Overcoming the obstacles holds promise for achieving the ultimate goal of effective and safe medication to targeted patients with appropriate genotypes[Qiang and Anthony,2011].
Metformin, an oral glucose-lowering drug, is widely used to treat type 2 diabetes and to delay or prevent its onset in people at high risk of the disease [Diabetes Care., 2011]. Metformin is actively transported into the liver, where it exerts its primary action, and then is actively transported from the liver into bile and blood stream. Elimination from the liver is mediated in part by the multidrug and toxin extrusion protein (MATE1), a membrane-bound transporter protein [Ostuka et al., 2005]. Aim of work:
1- Analyze the frequency of MATE gene among the Metformin non responder Egyptian Diabetic patients.
2-demonstrate the role of rs2289669 polymorphism on Metformin response.
Patients and Methods:
This study included 44 newly diagnosed type 2 diabetic patients (Sample size was calculated using whom HbA1c is between 7.5 and 8.5 % and their age ranged from 30 to 60 years old.
Patients were instructed for life style modification regarding eating and exercise and were given metformin alone with regular follow up of their fasting and post prandial blood glucose monthly and at the end of study HbA1c was repeated and patients are divided into 2 groups (responders and non responders).

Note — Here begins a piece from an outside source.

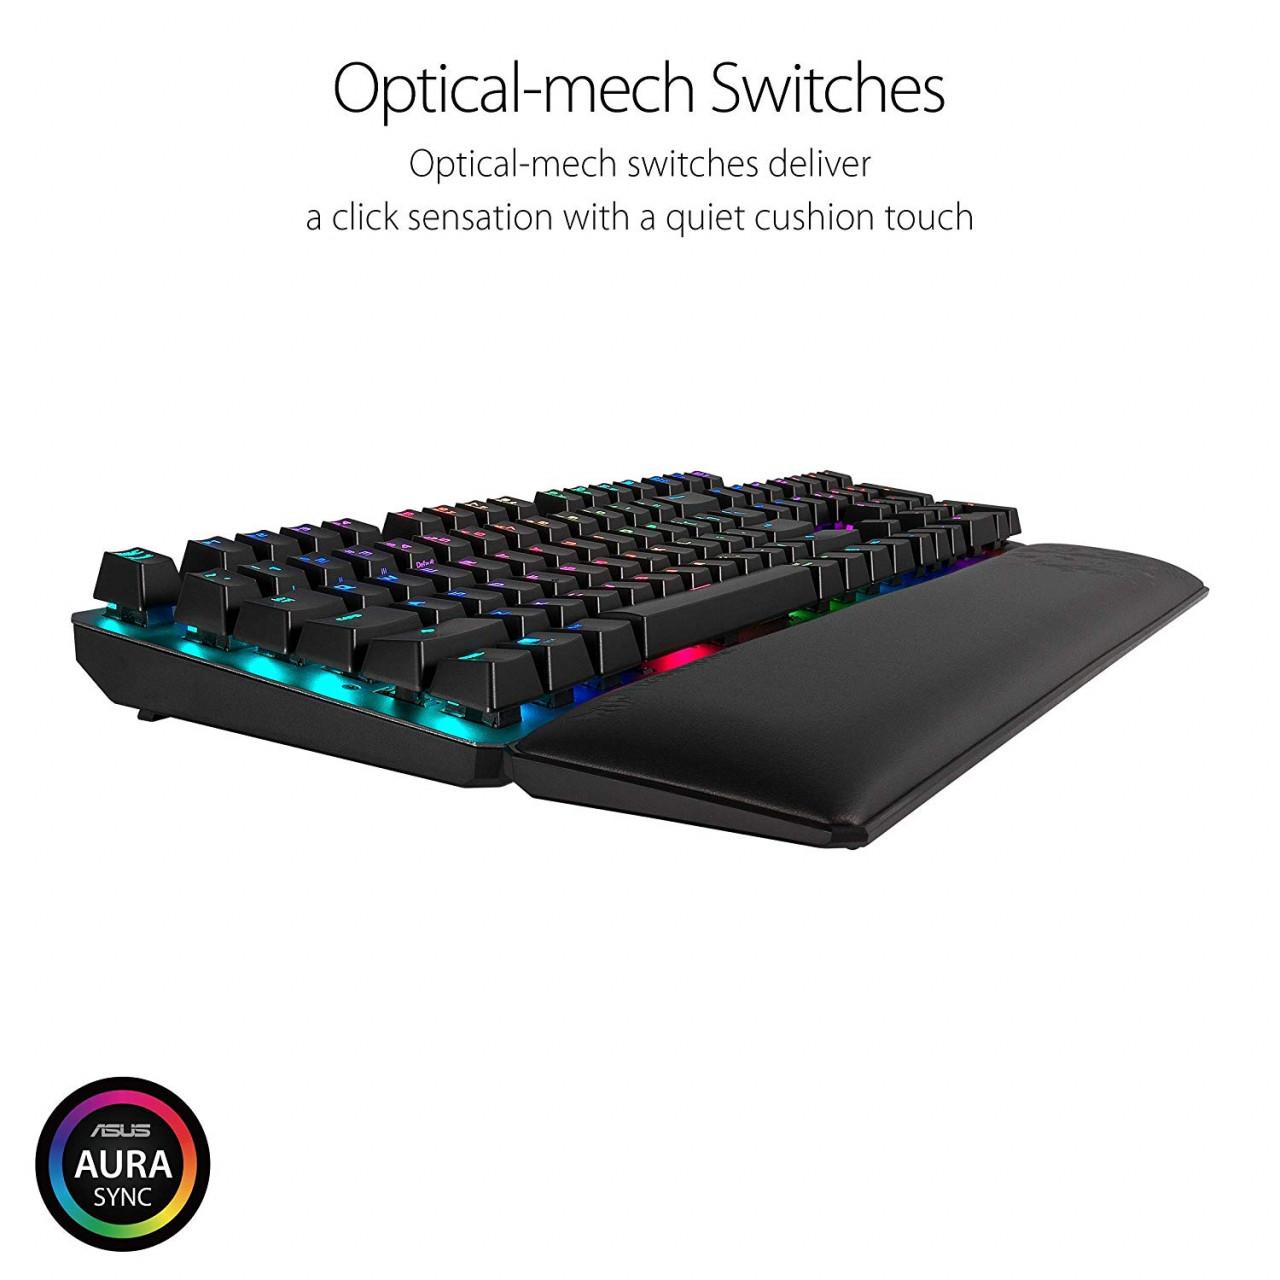 29ea68333e8 ASUS TUF Gaming K7 USB Mechanical RGB Keyboard Price In Pakistan

Genomic DNA extraction and analysis using PCR followed by sequencing analysis of rs2289669 polymorphism in the gene encoding MATE1 (SLC47A1) was done for each patient.
Results:
The decrease of HbA1c was highest in AA genotype (-0.71+0.26) followed by AG genotype (-0.57+0.35), and lowest found in GG genotype (-0.23+0.3)
Conclusion:
The rs2289669 G>A polymorphism of the MATE gene was associated with an increased glucose-lowering effect, implying that the gene with the A allele encodes a MATE1 efflux transporter less effective in transporting metformin.